I also think the hard limit on the API is 20 parallel requests if I'm not mistaken. So workers can be set to a preset value of 20 - as default upper limit. There is no reason to limit it to a rate which is much lower I think. I should check the API docs, but it's in there somewhere.

Yesterday I set up 4 requests to the CDS service and it only processed 2 at a time (the others remained queued until the first two finished) so that's why I went with two. I don't know exactly how that works, but

I would also propose wf_batch_request() as function name. Typos will cause mess ups I fear, better to make it real obvious what function is called. wf_request() <-> wf_requests() is just too similar, I had to look twice myself.

Good catch.

[FYI: I'm in the middle of planning a move to Switzerland so I'm not on my A-game for a little while.]

Good luck with that!

khufkens commented 3 years ago

If it is possible to keep the current transfer behaviour that would be great. A lot of listed issues filled here are related to breaking changes between versions with respect to how requests are dealt with (renaming some of the variables etc). This is issue creeps up on people as R will update packages on CRAN but won't warn them of these changes.
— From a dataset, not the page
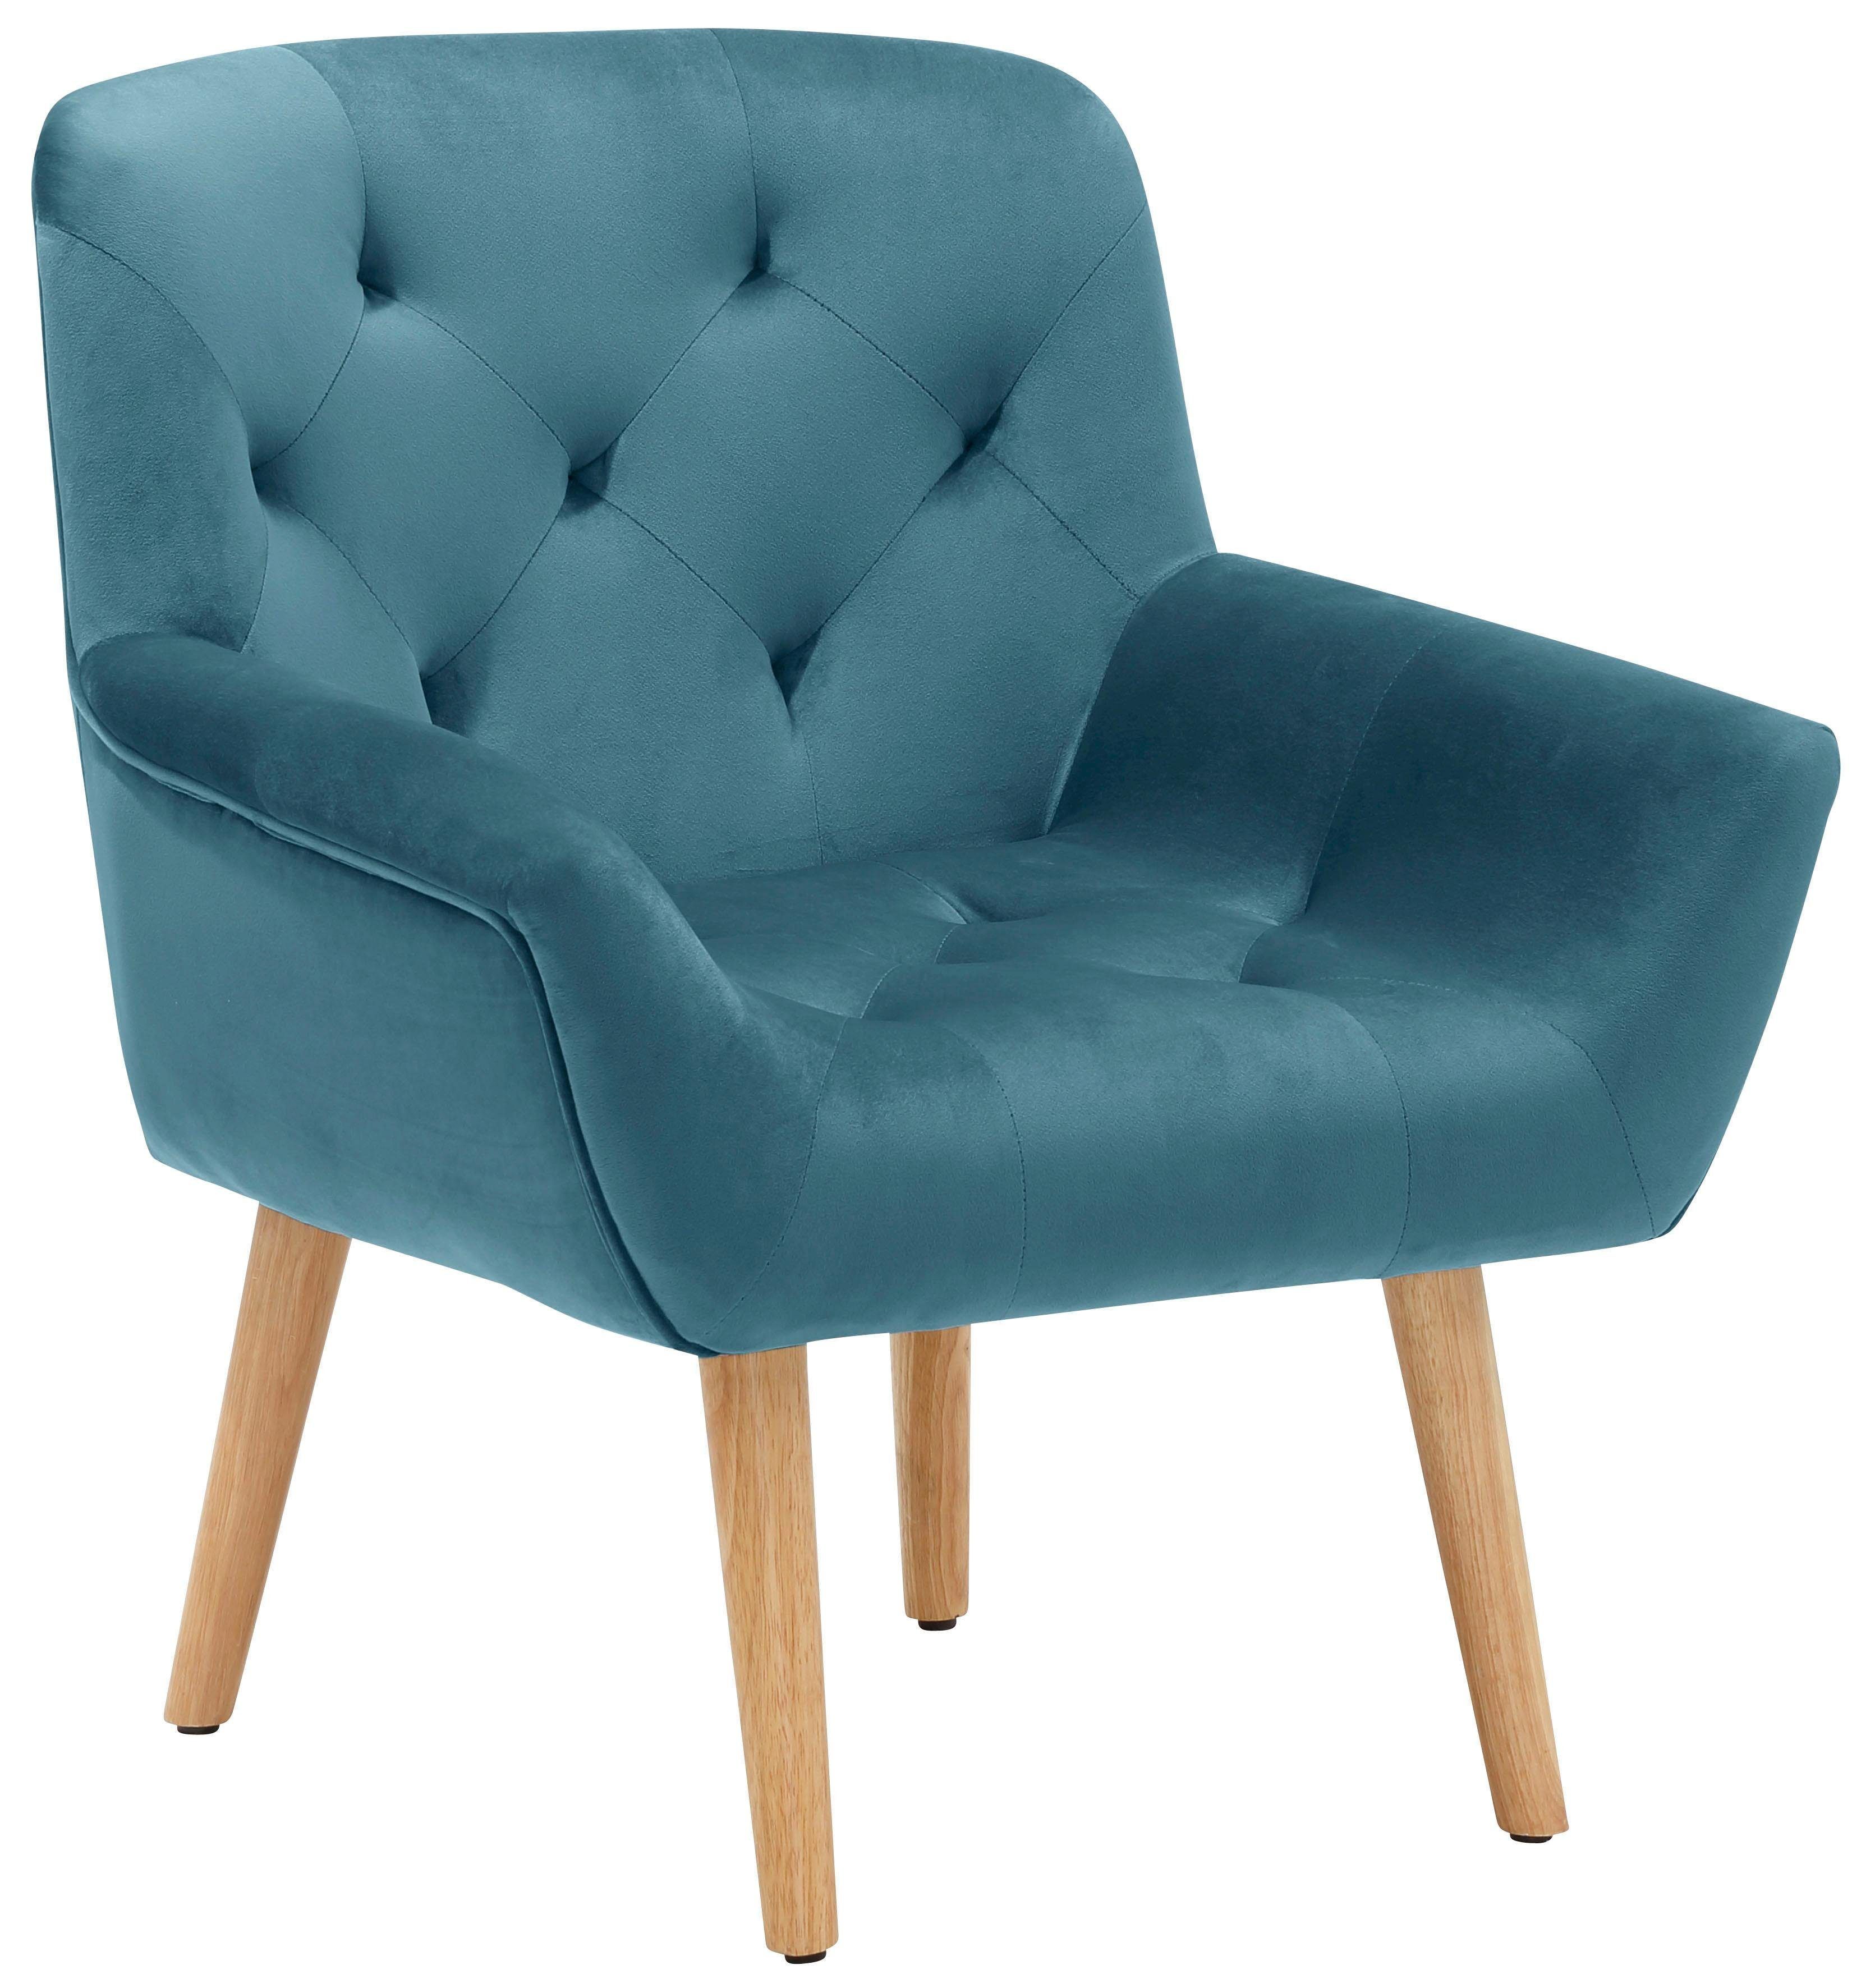 Home affaire Sessel Sami, aus schönem weichen Velvet Bezug und Knopfsteppung auf der Sitz- und Rückenfläche, Sitzhöhe 40 cm

I used to be able to query more than two downloads, they might have changed the rate limit. Anyway, if this is what your experience has been recently we better peg it at two.

Today I got news that I was able to fix an apartment remotely, which is an absolute win anyway and surely in COVID times. I'm still looking at a quarantine, but at least not in a faceless hotel with nothing but take-out for ten days.